EXERCISE BRIEF:
What you return should be the complete data below, word for word, with no pictures in it.

DATA BLOCK:

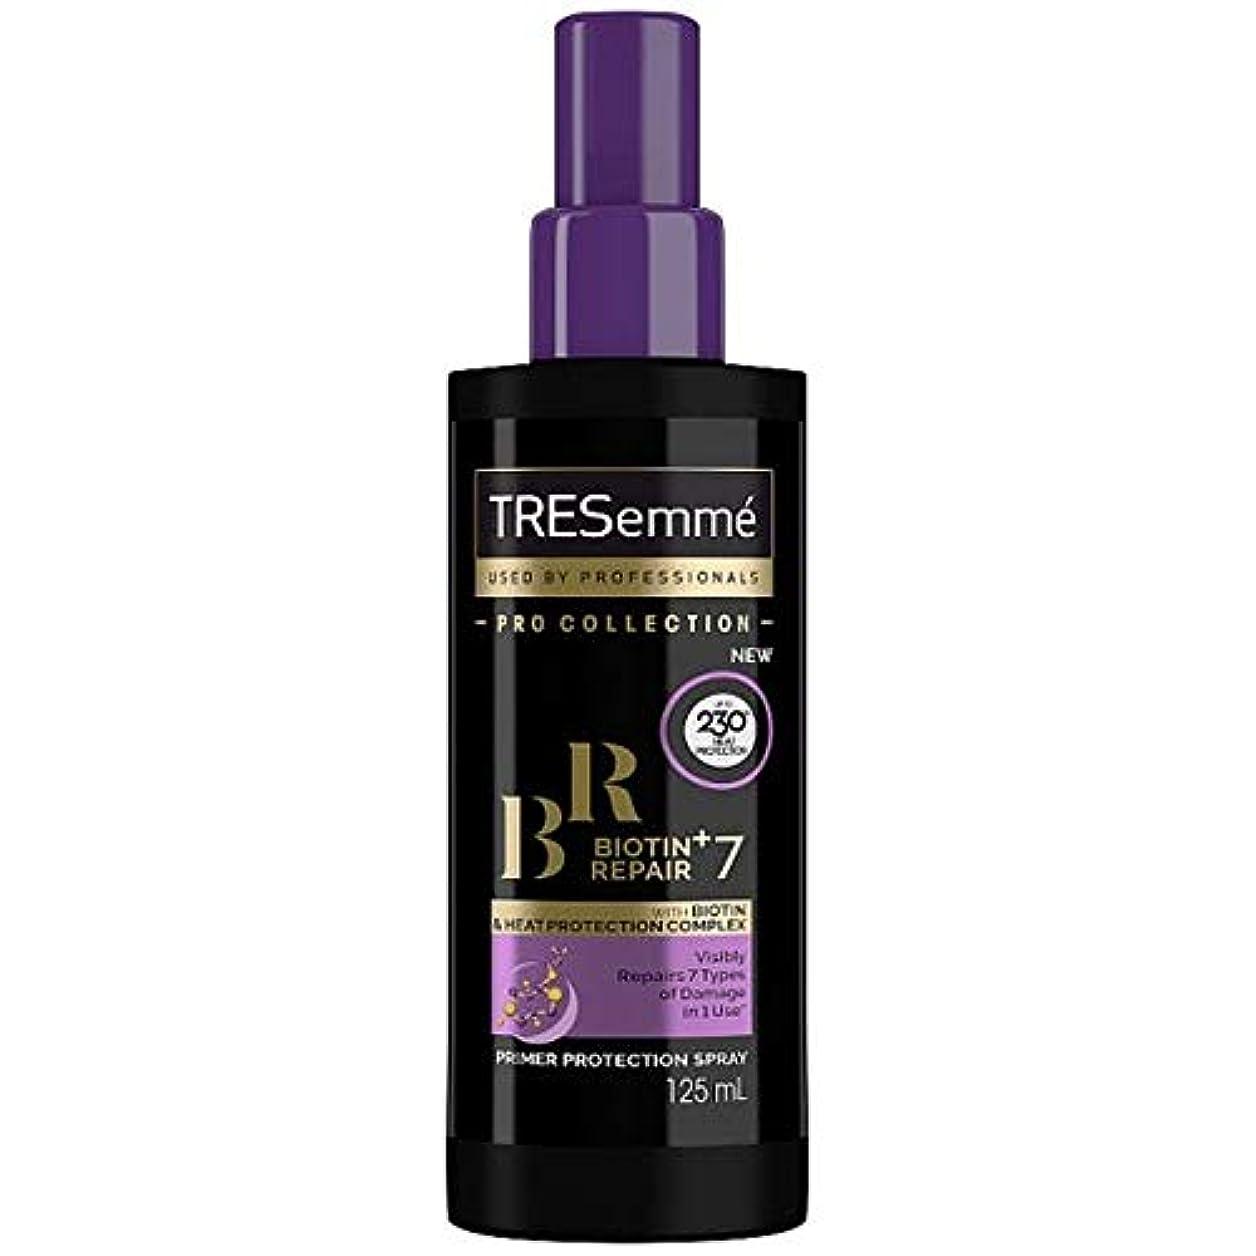 化粧けん引素人[Tresemme] Tresemmeビオチン+修理7プライマー保護スプレー125ミリリットル - Tresemme Biotin+ Repair 7 Primer Protection Spray 125ml [並行輸入品]
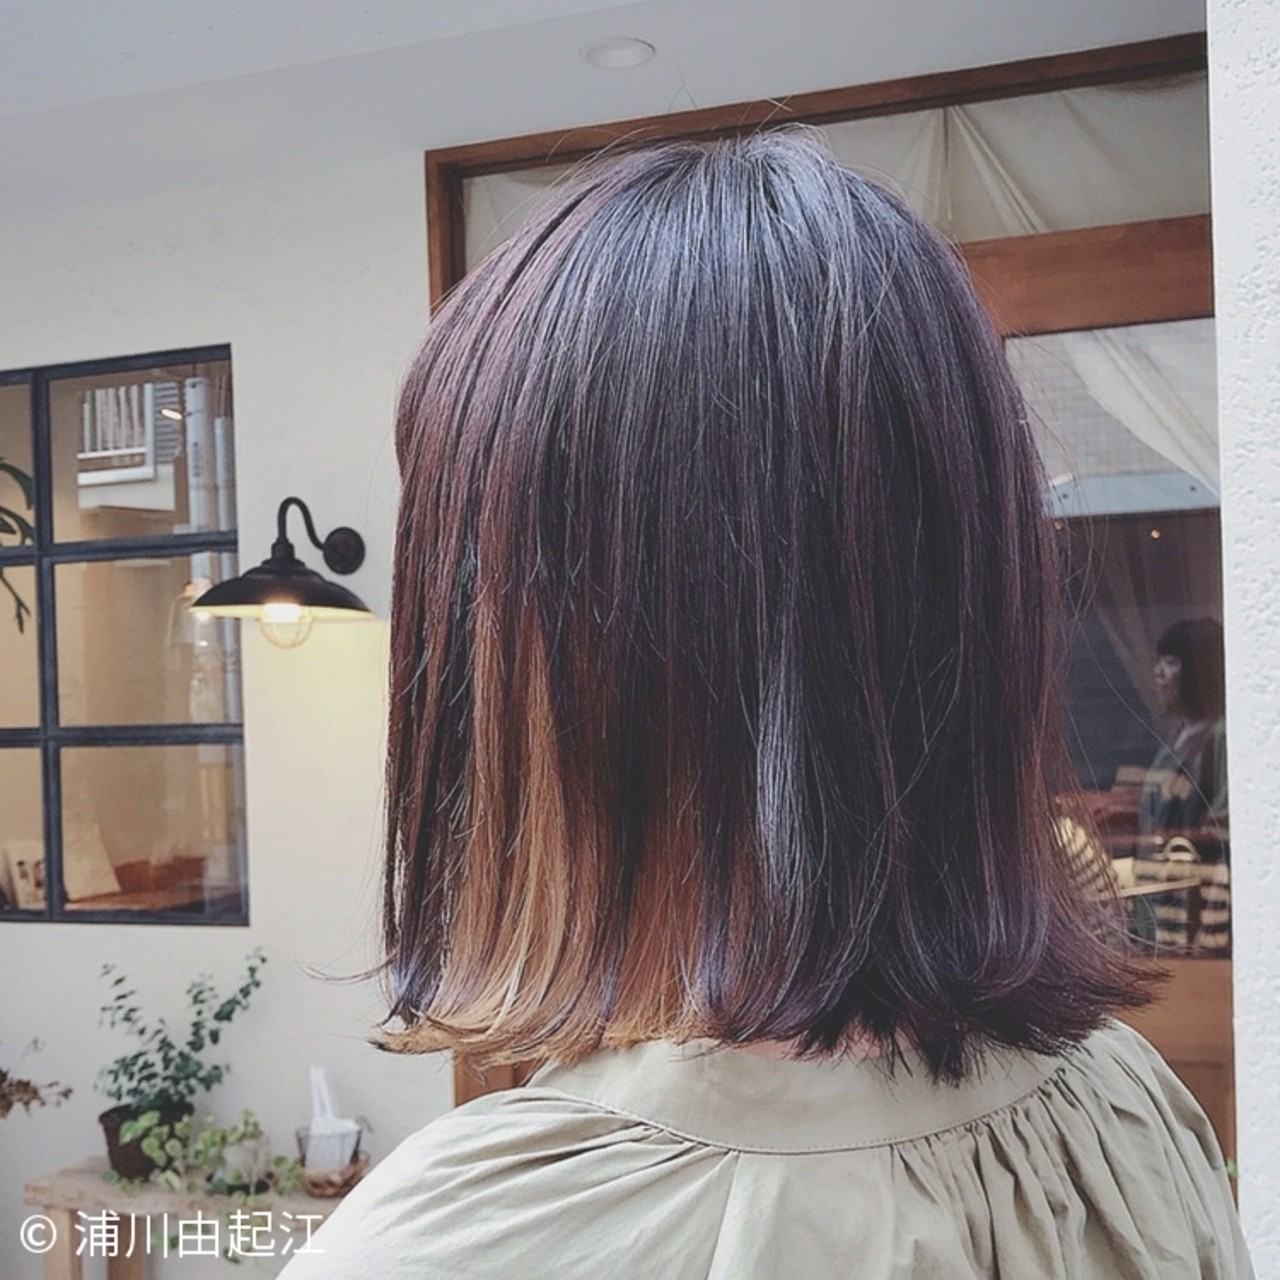 インナーカラー ナチュラル デート ハイライト ヘアスタイルや髪型の写真・画像
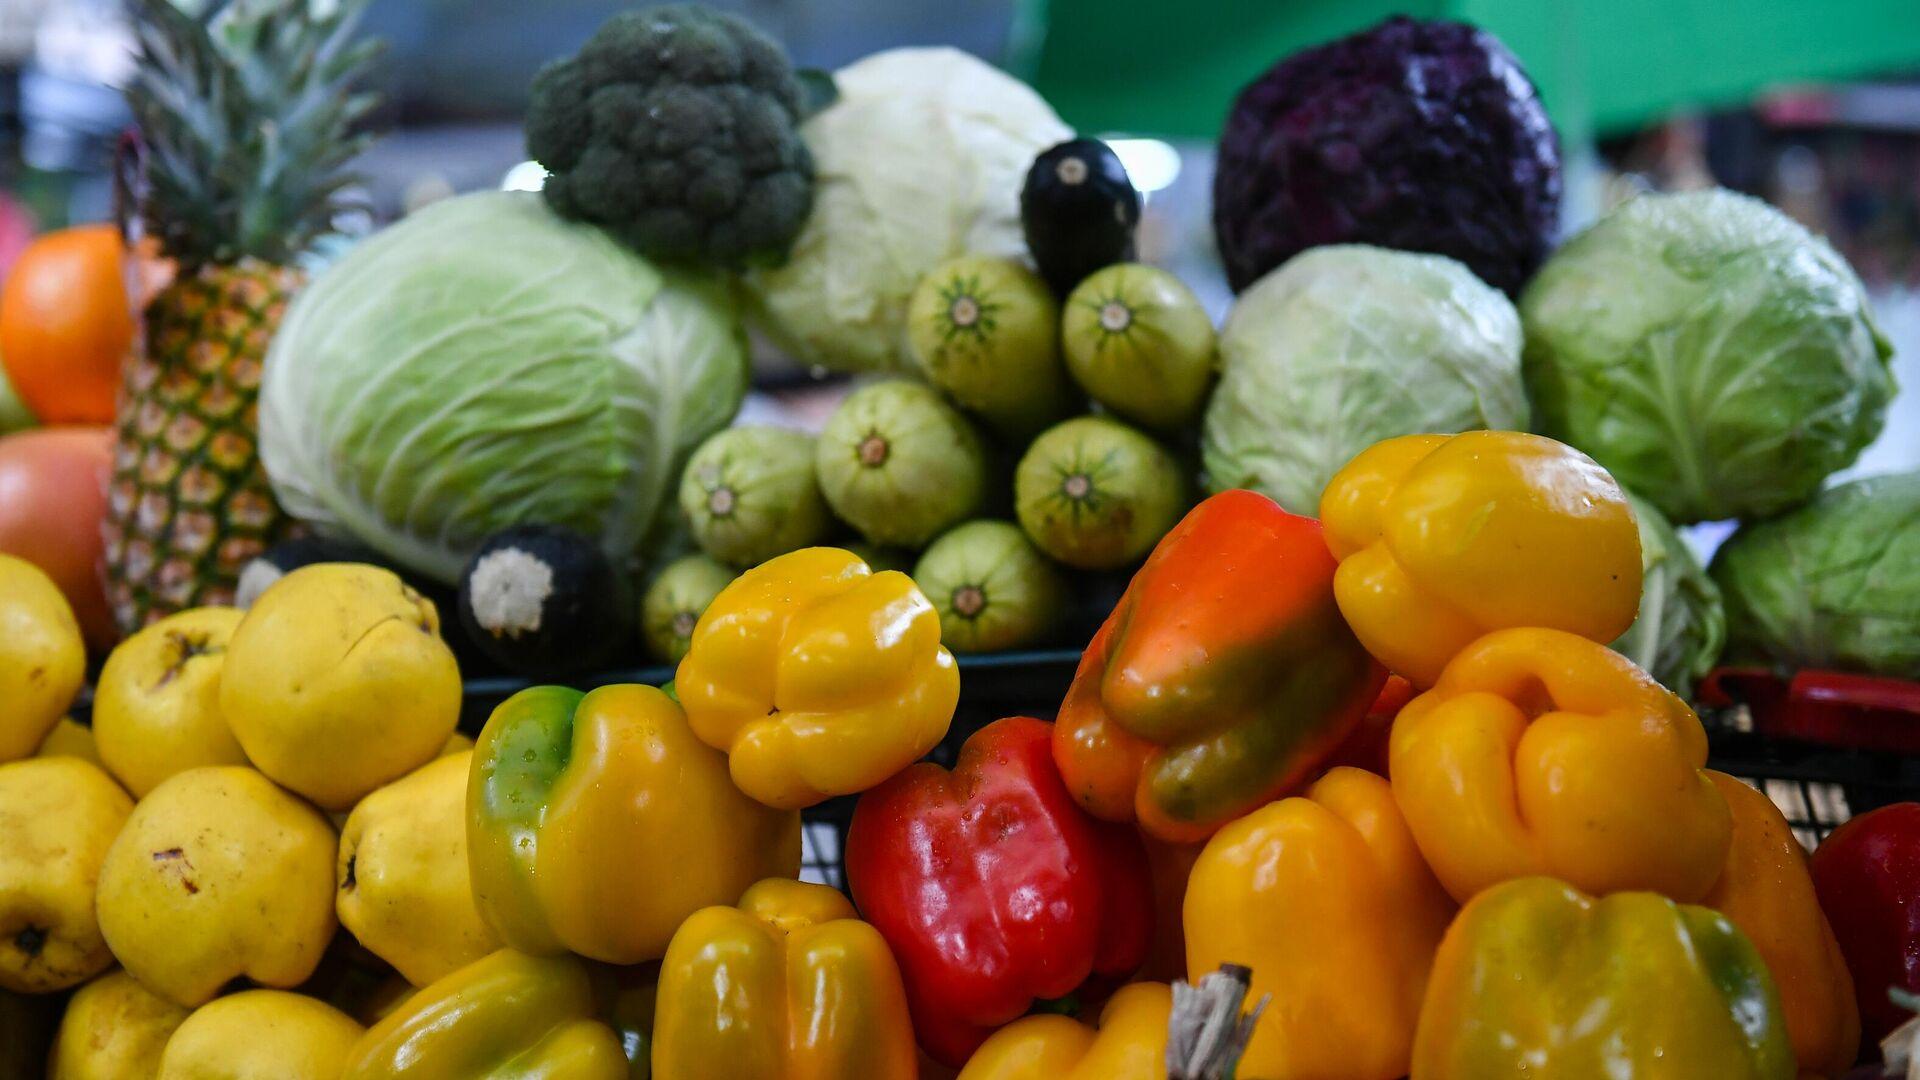 Продажа овощей и фруктов на Ялтинском овощном рынке - РИА Новости, 1920, 03.04.2021

RESULT:
 化粧けん引素人[Tresemme] Tresemmeビオチン+修理7プライマー保護スプレー125ミリリットル - Tresemme Biotin+ Repair 7 Primer Protection Spray 125ml [並行輸入品]
 インナーカラー ナチュラル デート ハイライト ヘアスタイルや髪型の写真・画像
 Продажа овощей и фруктов на Ялтинском овощном рынке - РИА Новости, 1920, 03.04.2021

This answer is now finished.